DIRECTIONS: An exact, picture-free copy of the listing is required.

SOURCE DATA:
++++++++
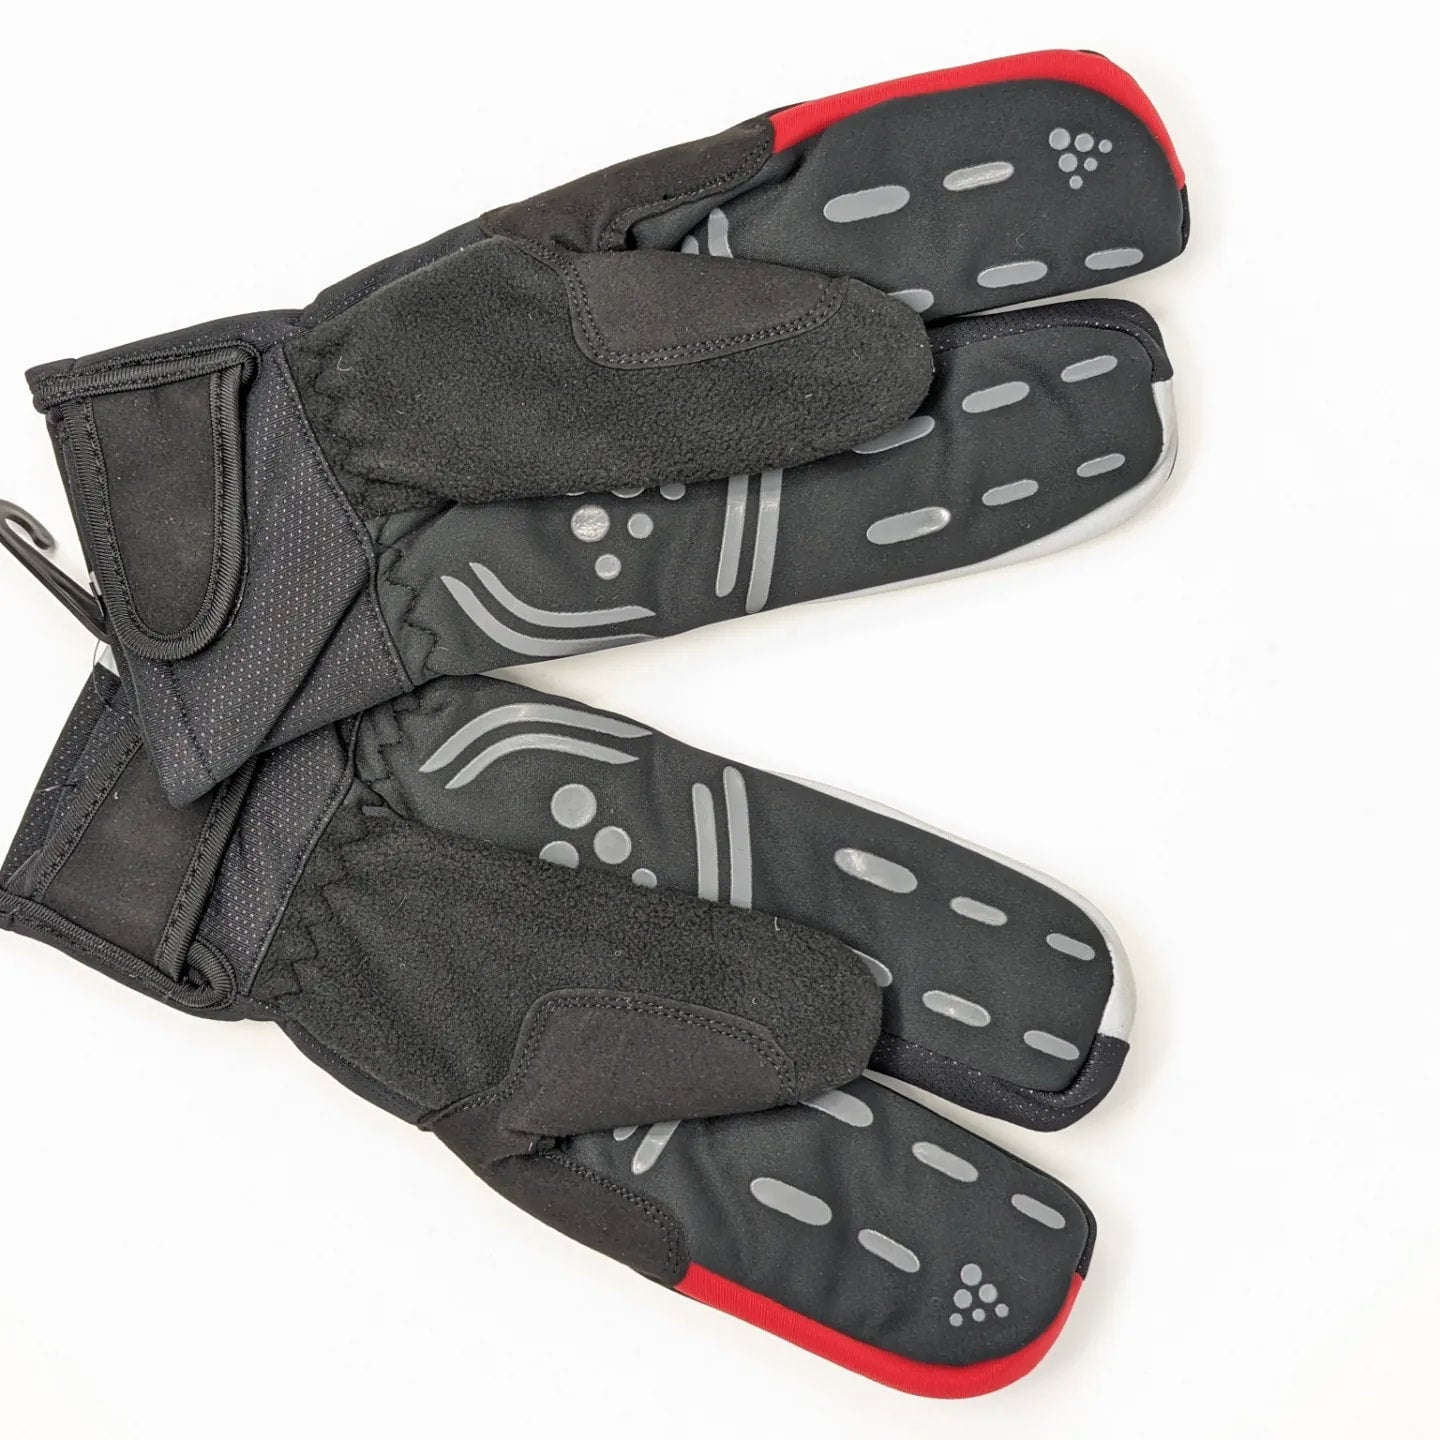 Craft Siberian 2.0 Split Finger Gloves - Unisex L Black
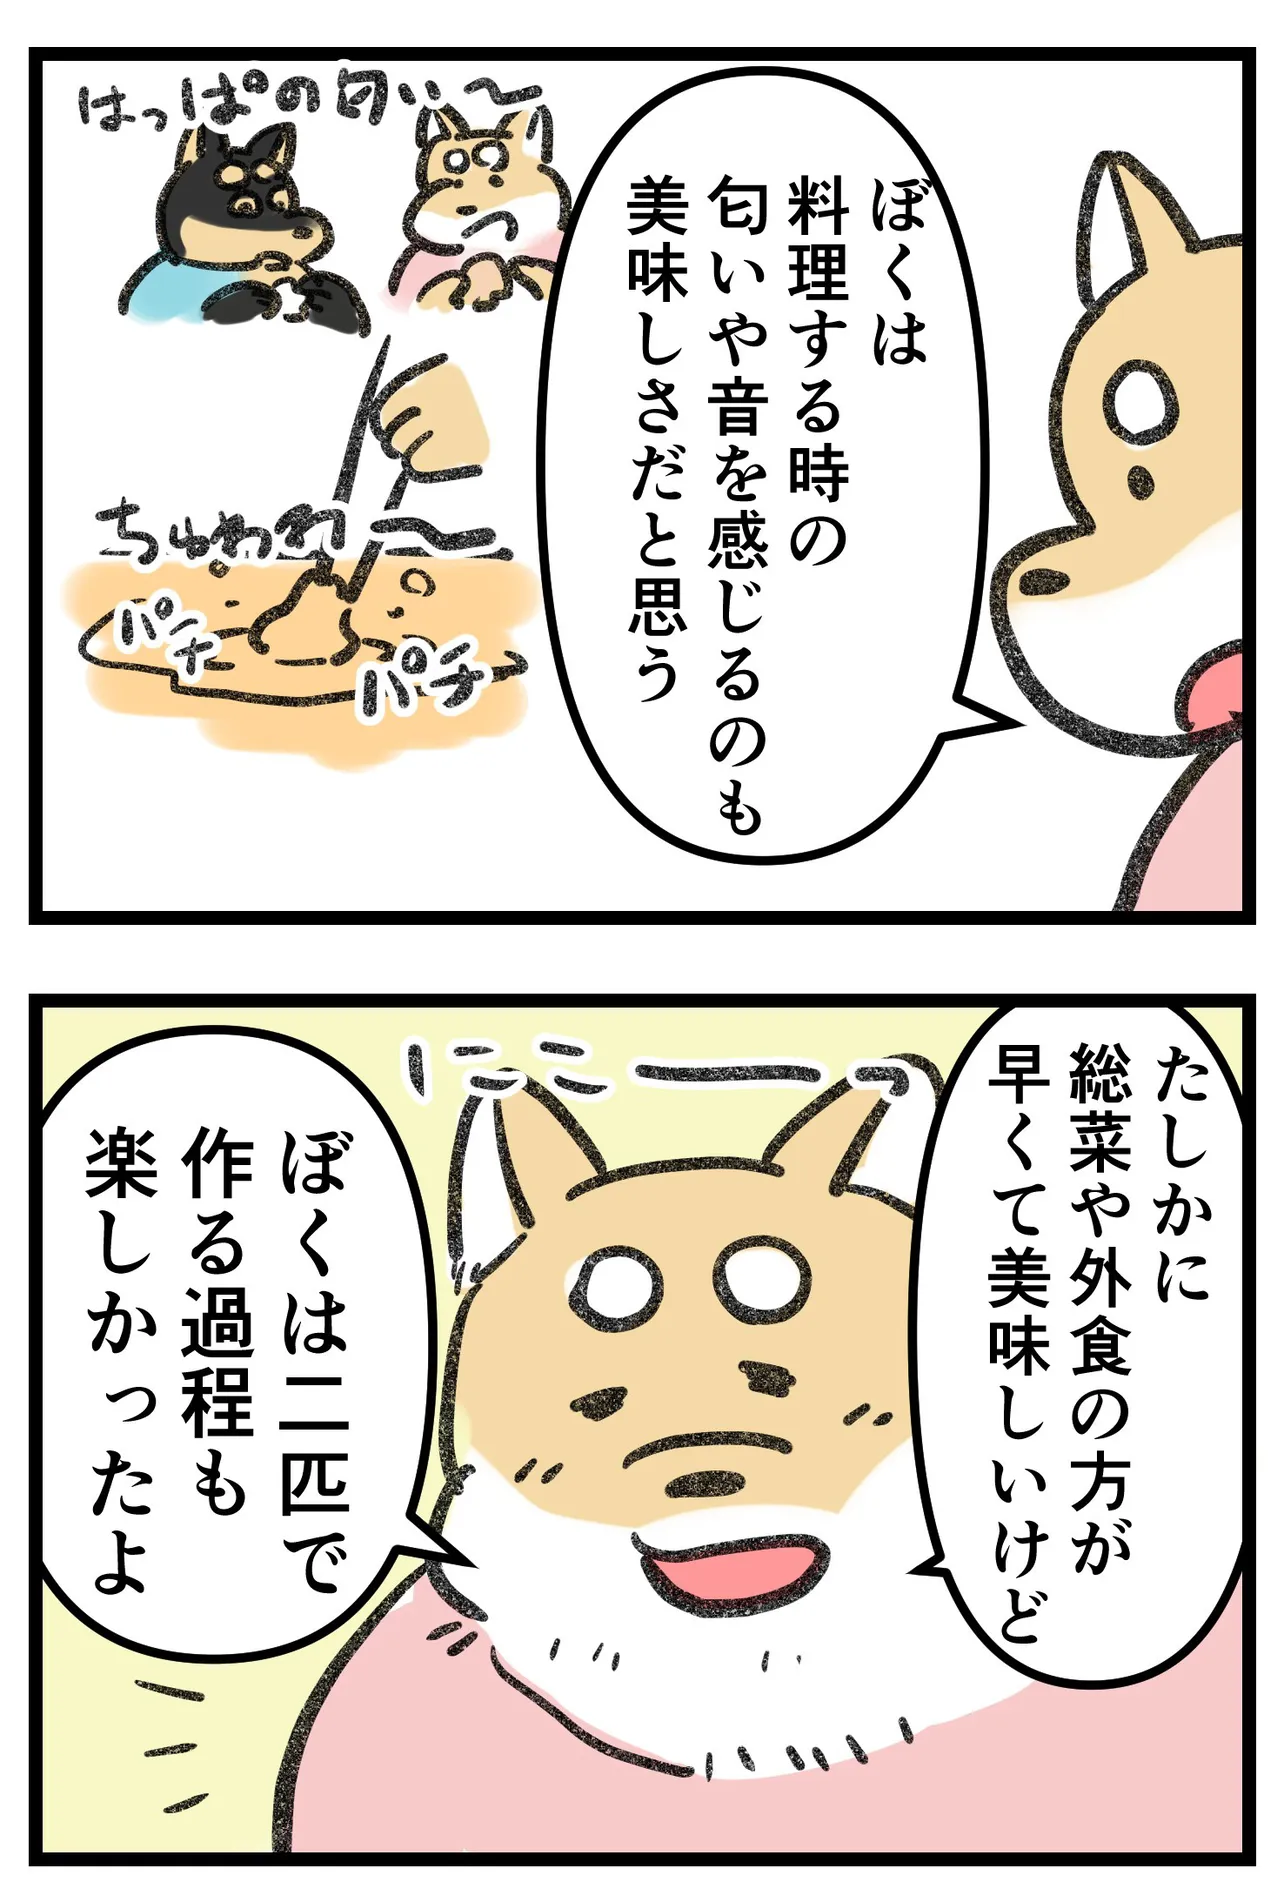 『柴犬二匹が山菜の天ぷらを作って食べる話』(15/16)
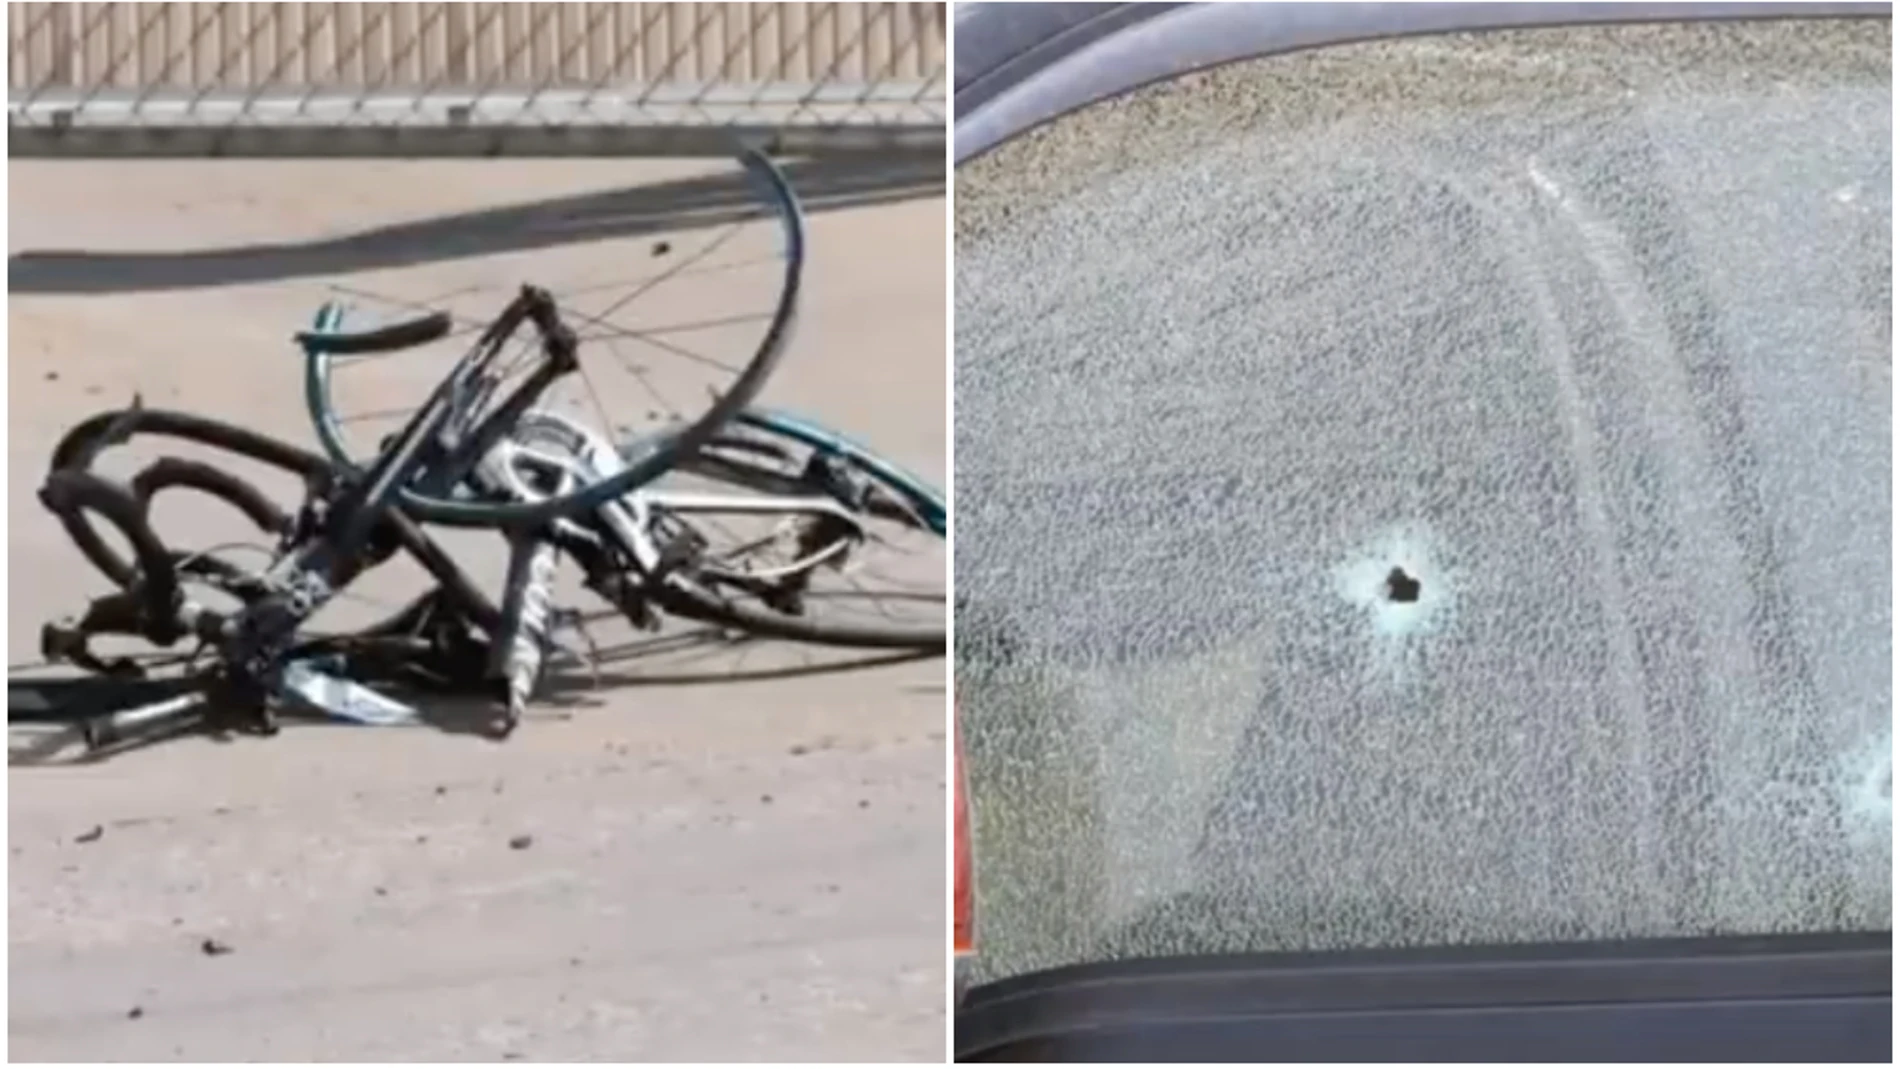 Estado de las bicicletas tras el accidente /disparo en el vehículo del conductor
++++++++
SOLVED PROBLEM:
 Craft Siberian 2.0 Split Finger Gloves - Unisex L Black
 『柴犬二匹が山菜の天ぷらを作って食べる話』(15/16)
 Estado de las bicicletas tras el accidente /disparo en el vehículo del conductor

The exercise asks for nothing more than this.